Problem statement -> Take the entries below and print, exactly, the stretch from the line containing "Právě těmito slovy" through the line containing "天然气知识与实用技术郭忠贵(作者)现货石油工业出版社9787502191887", both included.

######

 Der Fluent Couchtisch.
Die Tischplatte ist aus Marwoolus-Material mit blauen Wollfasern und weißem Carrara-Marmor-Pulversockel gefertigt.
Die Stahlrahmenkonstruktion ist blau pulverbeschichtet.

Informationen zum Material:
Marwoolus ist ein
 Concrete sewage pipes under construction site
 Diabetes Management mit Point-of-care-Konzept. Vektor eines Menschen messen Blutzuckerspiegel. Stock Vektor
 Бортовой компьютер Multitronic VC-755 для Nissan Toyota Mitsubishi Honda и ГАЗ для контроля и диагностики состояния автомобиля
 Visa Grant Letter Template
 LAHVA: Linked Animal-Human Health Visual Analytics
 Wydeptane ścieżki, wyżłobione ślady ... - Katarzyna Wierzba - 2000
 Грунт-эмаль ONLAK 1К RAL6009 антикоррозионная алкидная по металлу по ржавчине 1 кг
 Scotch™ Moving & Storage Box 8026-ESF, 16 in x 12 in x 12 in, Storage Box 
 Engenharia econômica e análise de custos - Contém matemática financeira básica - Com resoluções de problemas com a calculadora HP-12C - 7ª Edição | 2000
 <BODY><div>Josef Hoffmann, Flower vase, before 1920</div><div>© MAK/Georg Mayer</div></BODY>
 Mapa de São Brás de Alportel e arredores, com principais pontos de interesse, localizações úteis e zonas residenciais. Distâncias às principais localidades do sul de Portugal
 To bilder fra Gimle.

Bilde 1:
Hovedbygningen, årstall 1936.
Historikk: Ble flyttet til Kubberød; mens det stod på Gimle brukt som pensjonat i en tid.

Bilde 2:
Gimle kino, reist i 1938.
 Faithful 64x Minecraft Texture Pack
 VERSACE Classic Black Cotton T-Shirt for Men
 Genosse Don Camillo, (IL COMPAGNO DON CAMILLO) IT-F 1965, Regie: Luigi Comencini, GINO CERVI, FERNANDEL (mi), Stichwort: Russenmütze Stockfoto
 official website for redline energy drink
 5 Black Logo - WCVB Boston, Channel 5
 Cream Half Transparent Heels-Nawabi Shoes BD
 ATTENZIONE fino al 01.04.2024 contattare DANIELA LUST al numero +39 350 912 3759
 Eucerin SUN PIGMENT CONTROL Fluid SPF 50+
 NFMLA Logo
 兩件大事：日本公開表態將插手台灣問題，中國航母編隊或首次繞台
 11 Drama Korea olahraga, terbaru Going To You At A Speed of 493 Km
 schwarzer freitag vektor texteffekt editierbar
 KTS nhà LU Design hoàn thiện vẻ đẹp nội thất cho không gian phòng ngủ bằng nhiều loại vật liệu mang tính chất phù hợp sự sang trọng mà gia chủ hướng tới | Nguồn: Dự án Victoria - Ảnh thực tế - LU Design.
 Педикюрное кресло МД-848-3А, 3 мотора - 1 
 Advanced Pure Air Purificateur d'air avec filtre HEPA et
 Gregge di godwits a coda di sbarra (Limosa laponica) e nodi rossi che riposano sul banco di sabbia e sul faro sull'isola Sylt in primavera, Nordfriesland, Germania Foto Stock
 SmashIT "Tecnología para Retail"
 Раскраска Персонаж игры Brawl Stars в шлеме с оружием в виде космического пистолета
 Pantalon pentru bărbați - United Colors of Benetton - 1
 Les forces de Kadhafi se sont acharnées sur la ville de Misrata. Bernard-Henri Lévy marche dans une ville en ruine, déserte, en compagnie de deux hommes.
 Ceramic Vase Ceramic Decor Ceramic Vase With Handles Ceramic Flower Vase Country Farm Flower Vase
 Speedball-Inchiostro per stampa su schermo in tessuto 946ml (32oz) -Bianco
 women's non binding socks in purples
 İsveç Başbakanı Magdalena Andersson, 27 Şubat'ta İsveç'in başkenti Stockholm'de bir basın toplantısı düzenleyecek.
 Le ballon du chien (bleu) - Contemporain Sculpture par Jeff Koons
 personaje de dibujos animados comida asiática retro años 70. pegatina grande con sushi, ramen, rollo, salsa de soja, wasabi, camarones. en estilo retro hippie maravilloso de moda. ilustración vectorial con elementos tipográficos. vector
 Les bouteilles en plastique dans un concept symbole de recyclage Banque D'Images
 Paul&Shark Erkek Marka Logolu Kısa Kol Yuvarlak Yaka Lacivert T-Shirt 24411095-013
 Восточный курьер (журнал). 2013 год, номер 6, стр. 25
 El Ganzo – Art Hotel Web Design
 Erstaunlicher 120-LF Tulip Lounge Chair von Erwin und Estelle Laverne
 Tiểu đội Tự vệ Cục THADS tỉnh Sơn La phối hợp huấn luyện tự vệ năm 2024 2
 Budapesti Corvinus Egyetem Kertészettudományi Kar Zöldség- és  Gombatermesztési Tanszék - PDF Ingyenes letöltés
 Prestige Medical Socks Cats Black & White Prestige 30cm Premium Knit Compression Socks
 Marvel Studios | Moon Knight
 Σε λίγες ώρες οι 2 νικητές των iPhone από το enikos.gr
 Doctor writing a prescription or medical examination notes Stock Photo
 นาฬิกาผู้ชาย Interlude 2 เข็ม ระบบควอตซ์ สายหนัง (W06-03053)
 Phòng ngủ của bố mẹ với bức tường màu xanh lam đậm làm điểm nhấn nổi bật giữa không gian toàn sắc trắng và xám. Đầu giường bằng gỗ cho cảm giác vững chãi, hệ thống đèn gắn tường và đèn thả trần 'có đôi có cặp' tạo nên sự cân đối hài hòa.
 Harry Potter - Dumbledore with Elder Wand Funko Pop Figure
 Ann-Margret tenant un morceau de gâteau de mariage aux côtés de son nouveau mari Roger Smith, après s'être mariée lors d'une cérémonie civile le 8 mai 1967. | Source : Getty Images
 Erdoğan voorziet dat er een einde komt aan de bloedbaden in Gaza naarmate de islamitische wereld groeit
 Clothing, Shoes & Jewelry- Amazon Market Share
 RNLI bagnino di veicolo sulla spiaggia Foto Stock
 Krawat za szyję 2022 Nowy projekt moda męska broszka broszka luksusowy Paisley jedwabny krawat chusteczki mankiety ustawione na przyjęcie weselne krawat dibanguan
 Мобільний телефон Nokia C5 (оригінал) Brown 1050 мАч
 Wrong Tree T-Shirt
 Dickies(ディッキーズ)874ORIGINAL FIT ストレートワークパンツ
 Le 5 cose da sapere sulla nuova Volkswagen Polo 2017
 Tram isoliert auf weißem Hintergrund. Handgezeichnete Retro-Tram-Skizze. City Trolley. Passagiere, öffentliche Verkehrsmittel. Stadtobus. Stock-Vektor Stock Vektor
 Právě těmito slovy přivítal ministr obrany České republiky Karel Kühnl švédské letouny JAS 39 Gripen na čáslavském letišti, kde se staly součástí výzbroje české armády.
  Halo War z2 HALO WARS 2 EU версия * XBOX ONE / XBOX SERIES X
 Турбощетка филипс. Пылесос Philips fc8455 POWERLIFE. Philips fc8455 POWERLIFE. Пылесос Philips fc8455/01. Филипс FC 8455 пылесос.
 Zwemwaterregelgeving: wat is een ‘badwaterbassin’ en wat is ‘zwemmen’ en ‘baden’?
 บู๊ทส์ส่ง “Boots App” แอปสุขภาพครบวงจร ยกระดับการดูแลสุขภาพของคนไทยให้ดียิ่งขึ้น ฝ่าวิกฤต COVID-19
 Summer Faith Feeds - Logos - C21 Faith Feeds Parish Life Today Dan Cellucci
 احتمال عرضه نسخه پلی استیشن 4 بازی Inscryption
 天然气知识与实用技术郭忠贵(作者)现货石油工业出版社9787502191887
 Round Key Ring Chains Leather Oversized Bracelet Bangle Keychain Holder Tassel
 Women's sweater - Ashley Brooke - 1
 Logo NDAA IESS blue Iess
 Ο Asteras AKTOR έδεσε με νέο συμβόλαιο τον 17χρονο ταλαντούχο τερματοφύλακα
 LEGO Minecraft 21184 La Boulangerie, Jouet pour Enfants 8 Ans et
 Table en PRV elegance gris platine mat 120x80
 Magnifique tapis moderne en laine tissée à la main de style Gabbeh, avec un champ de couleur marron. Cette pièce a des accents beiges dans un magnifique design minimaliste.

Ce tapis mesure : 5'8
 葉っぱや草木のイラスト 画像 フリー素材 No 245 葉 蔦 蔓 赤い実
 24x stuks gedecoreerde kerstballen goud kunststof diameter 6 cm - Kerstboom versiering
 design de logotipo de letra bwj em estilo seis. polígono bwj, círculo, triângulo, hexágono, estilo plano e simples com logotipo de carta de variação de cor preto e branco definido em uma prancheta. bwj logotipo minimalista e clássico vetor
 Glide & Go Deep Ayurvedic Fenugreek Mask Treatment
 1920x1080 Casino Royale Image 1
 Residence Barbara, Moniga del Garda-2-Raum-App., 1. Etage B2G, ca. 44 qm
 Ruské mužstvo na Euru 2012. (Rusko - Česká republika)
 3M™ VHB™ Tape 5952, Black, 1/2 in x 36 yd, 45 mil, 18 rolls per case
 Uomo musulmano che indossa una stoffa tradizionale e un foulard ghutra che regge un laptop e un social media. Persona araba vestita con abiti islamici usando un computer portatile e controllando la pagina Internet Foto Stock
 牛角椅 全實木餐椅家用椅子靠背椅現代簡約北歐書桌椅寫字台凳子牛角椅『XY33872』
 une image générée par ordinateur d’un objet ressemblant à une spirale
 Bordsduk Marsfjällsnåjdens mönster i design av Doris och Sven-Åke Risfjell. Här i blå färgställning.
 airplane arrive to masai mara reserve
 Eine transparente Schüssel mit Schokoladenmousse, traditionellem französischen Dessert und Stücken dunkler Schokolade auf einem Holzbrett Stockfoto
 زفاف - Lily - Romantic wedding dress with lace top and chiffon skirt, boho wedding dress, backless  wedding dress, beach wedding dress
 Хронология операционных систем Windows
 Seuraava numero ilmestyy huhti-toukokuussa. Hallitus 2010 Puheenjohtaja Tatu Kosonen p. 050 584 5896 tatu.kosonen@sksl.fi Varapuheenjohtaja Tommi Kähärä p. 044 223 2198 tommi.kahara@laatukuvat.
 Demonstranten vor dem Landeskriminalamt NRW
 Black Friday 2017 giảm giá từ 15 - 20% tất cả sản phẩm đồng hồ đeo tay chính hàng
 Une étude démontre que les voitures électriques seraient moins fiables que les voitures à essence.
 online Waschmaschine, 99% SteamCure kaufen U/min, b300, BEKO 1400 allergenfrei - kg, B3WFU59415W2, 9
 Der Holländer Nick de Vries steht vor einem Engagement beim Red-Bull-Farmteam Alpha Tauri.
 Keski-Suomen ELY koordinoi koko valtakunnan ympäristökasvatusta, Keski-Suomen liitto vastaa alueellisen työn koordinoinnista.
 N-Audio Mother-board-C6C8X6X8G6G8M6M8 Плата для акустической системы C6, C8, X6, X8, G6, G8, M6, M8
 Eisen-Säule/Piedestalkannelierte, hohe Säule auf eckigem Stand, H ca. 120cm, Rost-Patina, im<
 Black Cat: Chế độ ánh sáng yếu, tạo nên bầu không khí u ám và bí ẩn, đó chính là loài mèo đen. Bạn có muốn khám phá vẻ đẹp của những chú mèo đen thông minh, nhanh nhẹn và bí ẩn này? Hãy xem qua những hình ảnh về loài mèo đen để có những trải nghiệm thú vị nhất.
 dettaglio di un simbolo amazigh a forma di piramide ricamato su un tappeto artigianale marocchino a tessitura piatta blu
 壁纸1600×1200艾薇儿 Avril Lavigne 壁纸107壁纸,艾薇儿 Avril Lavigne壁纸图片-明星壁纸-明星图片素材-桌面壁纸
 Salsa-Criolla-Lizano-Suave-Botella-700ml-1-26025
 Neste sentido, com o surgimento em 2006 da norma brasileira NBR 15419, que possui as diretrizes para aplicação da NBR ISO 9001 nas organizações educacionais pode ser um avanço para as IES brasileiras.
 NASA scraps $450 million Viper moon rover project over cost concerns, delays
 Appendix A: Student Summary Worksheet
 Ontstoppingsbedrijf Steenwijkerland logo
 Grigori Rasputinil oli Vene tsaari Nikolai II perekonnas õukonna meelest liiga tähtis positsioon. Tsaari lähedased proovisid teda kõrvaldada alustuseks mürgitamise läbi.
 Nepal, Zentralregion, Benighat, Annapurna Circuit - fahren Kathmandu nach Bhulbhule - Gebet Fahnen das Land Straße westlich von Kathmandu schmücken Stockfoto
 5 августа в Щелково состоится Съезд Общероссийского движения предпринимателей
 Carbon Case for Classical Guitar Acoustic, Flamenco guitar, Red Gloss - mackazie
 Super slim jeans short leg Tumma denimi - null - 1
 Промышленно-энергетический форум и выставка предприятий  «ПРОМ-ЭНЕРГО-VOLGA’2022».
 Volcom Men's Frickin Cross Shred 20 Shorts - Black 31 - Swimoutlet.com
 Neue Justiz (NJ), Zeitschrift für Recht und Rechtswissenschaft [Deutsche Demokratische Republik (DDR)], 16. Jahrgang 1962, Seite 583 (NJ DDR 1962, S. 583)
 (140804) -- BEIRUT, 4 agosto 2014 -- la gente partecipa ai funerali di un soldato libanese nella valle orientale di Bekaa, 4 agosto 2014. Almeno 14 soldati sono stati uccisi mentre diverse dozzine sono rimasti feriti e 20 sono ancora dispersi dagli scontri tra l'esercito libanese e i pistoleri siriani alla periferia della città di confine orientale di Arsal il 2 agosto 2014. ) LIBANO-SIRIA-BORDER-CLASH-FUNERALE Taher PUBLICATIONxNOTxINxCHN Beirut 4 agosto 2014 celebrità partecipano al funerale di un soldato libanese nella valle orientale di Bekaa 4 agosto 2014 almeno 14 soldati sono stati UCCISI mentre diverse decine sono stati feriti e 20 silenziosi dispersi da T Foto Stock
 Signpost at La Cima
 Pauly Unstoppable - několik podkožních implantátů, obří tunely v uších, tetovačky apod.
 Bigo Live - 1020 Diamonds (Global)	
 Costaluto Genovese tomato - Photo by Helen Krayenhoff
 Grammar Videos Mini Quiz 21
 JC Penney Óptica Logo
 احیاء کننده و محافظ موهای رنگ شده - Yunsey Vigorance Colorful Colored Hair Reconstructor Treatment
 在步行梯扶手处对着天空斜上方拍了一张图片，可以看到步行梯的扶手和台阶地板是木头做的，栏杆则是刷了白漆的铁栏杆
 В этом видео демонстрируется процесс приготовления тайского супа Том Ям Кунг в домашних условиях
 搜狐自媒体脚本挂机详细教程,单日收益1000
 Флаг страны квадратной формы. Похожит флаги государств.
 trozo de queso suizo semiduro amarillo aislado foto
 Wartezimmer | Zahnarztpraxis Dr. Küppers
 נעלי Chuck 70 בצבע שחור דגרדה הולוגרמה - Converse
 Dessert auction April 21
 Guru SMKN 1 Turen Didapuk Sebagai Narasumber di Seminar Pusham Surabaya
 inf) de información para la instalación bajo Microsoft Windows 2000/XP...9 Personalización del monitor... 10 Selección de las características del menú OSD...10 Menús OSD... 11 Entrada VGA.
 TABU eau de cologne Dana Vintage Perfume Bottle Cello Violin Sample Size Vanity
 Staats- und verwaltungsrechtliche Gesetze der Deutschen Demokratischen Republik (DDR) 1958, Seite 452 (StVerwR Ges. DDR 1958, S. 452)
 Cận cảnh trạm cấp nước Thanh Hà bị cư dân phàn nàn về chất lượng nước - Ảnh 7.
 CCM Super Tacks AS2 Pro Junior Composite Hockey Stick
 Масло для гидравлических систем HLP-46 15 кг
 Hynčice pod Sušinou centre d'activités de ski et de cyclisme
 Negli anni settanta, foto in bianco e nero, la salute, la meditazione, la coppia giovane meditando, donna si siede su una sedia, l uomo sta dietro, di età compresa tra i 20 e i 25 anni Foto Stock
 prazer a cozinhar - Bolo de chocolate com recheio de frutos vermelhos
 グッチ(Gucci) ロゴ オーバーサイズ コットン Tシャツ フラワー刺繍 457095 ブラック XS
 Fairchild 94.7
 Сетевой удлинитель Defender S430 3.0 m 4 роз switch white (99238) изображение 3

######

Result for this exercise ->
 Právě těmito slovy přivítal ministr obrany České republiky Karel Kühnl švédské letouny JAS 39 Gripen na čáslavském letišti, kde se staly součástí výzbroje české armády.
  Halo War z2 HALO WARS 2 EU версия * XBOX ONE / XBOX SERIES X
 Турбощетка филипс. Пылесос Philips fc8455 POWERLIFE. Philips fc8455 POWERLIFE. Пылесос Philips fc8455/01. Филипс FC 8455 пылесос.
 Zwemwaterregelgeving: wat is een ‘badwaterbassin’ en wat is ‘zwemmen’ en ‘baden’?
 บู๊ทส์ส่ง “Boots App” แอปสุขภาพครบวงจร ยกระดับการดูแลสุขภาพของคนไทยให้ดียิ่งขึ้น ฝ่าวิกฤต COVID-19
 Summer Faith Feeds - Logos - C21 Faith Feeds Parish Life Today Dan Cellucci
 احتمال عرضه نسخه پلی استیشن 4 بازی Inscryption
 天然气知识与实用技术郭忠贵(作者)现货石油工业出版社9787502191887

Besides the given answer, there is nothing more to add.